With these plots in place, the study commenced on the first night of the first study arribada and concluded at the end of the incubation period of the second arribada. Nesting behaviour was monitored each half an hour all night within the plots during the multi-day arribada events. Following arribada convention, the team began recording data as soon as 1000 females were present on the beach and stopped upon the marked drop in females that signals the end of the event. During an arribada, the team recorded turtle behaviour: digging, laying eggs, covering nests and (probable) destroying of nests. Nest destruction is defined as observing a female unearthing another female’s eggs and laying or covering her nest amidst freshly broken eggs. Since the entire nesting process takes about 45 minutes, the team observed every turtle present. To avoid double-counting, females were marked with chalk and maps were drawn.
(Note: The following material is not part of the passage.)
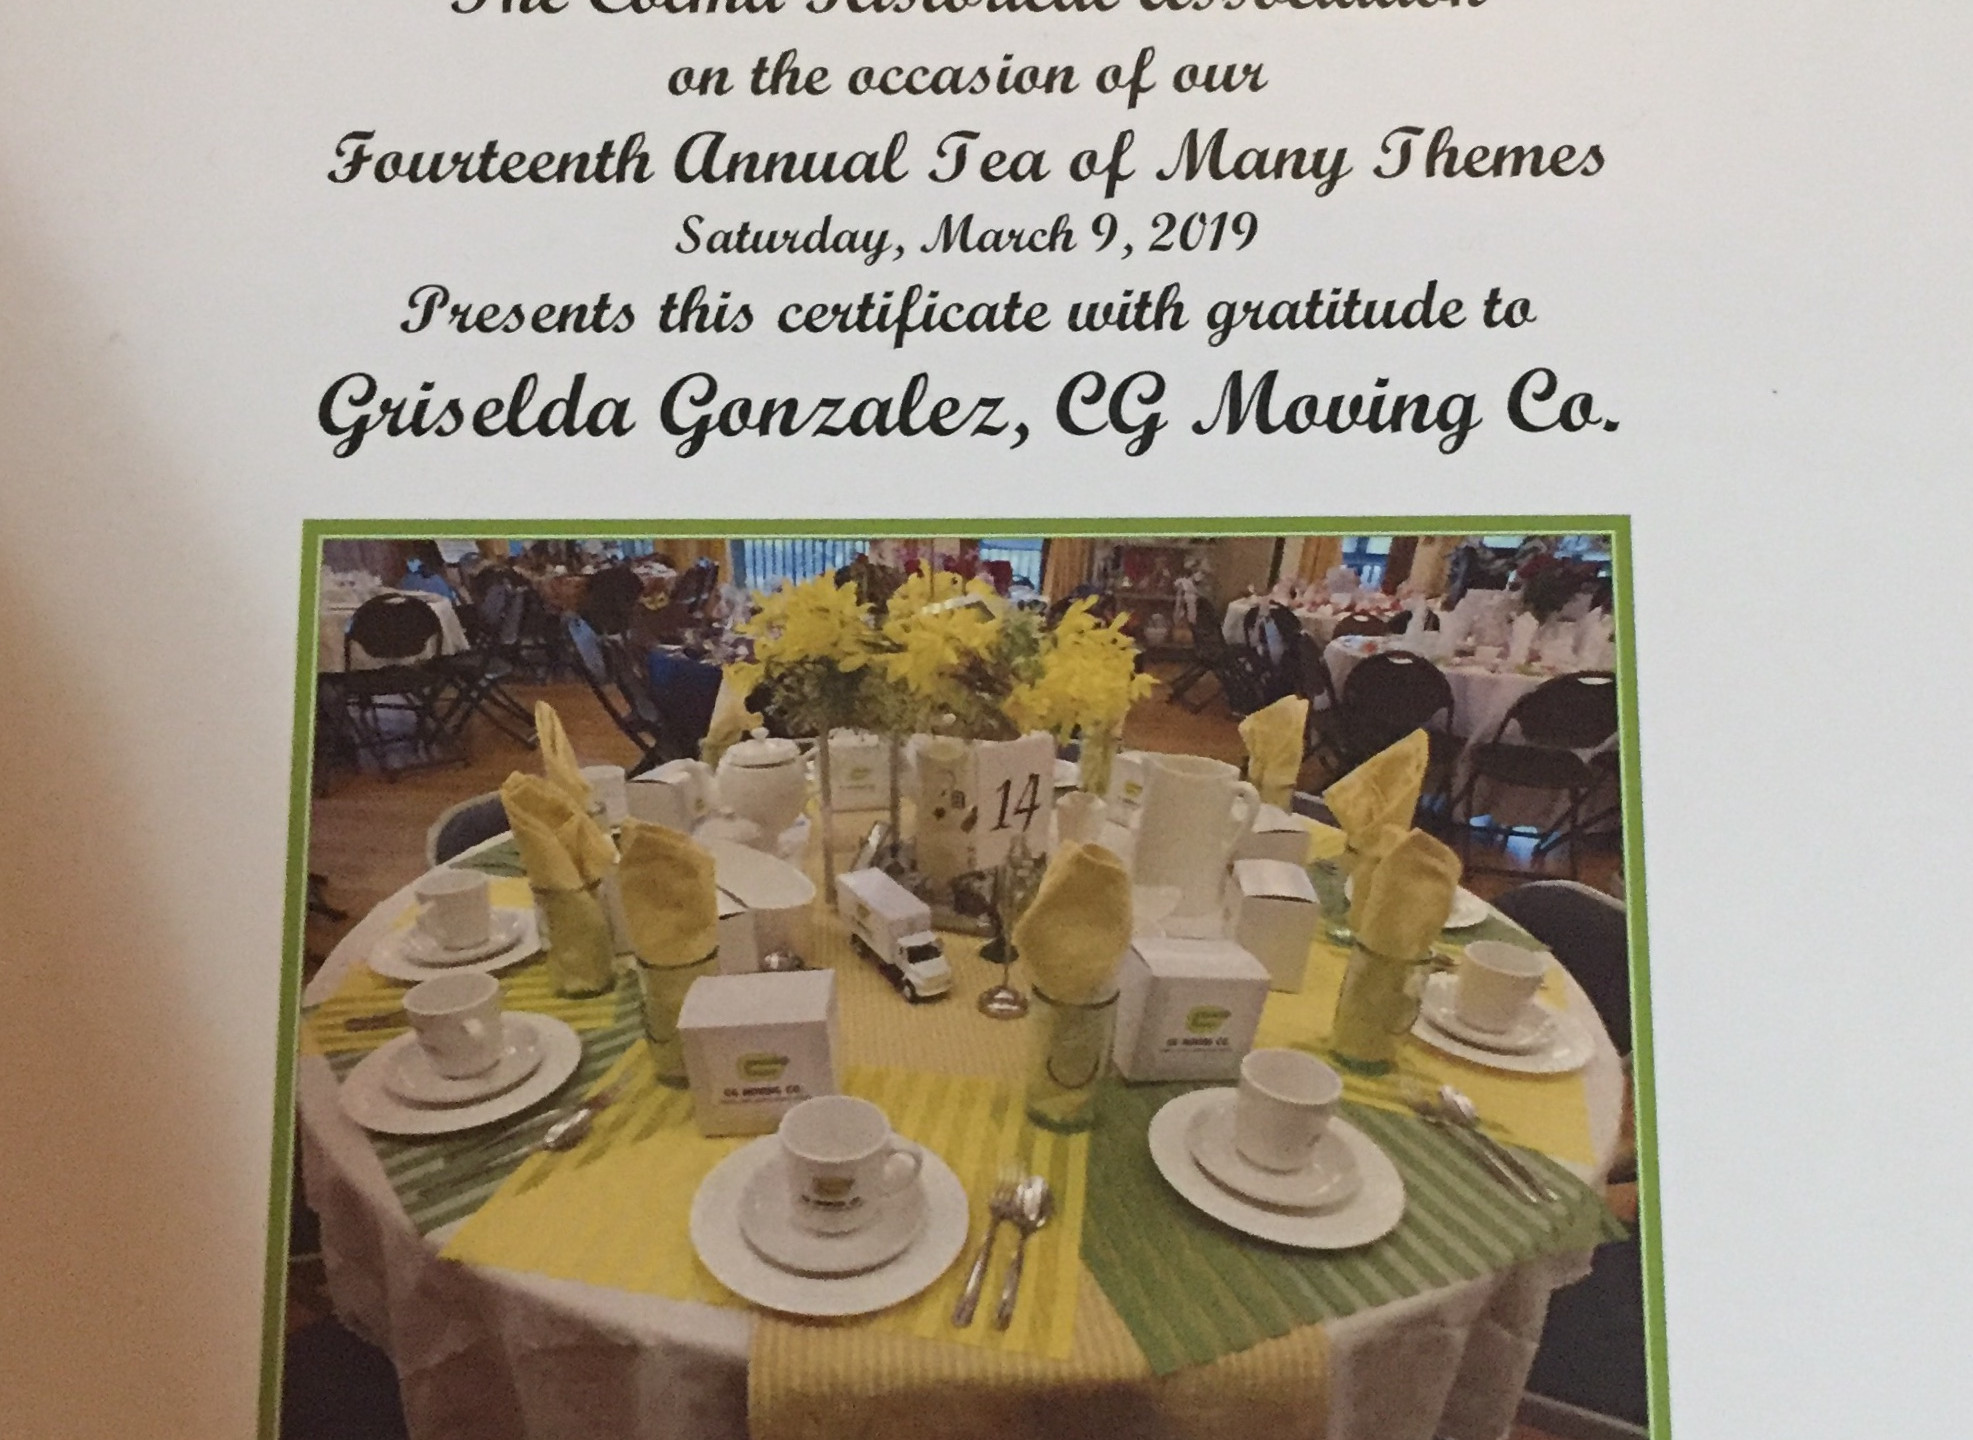 cgmoving Certificate of Appreciation

After the first arribada, plots were fenced to hinder unobserved solitary female entrance that would change the nest density. Large links allowed hatchlings from prior nesting to exit; however, there were effectively no nests in the ground at the start of the study. Plots were re-opened during the second arribada and then re-blocked after its end.

The sheer volume of turtles has long made meaningful estimation during arribadas difficult. Researchers should start off investigations by considering the most meaningful way to represent variables of interest. In order to answer questions about nest density or destruction, we first had to interpret behavioural observations.

Nest destruction can be interpreted in a number of ways. Ideally, we would be able to follow what happens to each individual egg. In doing so, we would be able to determine the exact impact of destruction if we could estimate the percentage of eggs in each clutch being destroyed. Unfortunately, it is very difficult to observationally follow destruction of individual eggs. Other studies echo the difficulty in empirically obtaining more specific egg level destruction estimates: “the proportion of the eggs destroyed for an excavated nest is impossible to estimate directly” (Girondot et al., 2002). The next option could be defining destruction at the nest level. What percentage of nests laid are later damaged by females? One classic study placed ribbons inside marked nests and categorized the nests as destroyed if the ribbon appeared above ground (Cornelius et al., 1991). Given the volume of sand upheaval, as well as turtle and human activity across the Escobilla beach, I concluded that this method would be insufficiently exact. The other tricky aspect is that turtles may be digging up eggs from multiple nests. In order to thoroughly evaluate at the nest level, one needs to have a way to distinguish eggs from different nests, such as by a controlled experiment where eggs are pre-labelled. Otherwise, one needs to excavate the nests immediately to attempt to determine egg origins, which may negatively impact on subsequent hatching success, or assume that eggs destroyed reflect at least one impacted nest and leave it at that. The representation we ultimately opted for looks at destruction at the turtle level. What percentage of turtles observed in study plots dig up eggs? Since individual eggs from nests are destroyed, not entire nests, we did not interpret destruction to indicate a net loss of a nest and therefore opted not to change our estimates of nest density with each destruction event.

Initial results

Turtles nested in 26 plots over two study arribadas, from August 14th to18th (1st Arribada) and from August 27th to September 4th, 2009 (2nd Arribada). These 26 plots were between station markers 8 and 25.5 on the beach, representing a lateral distance of roughly 1.75km. A total of 1293 turtles were observed over all the plots for both arribadas (Table 1).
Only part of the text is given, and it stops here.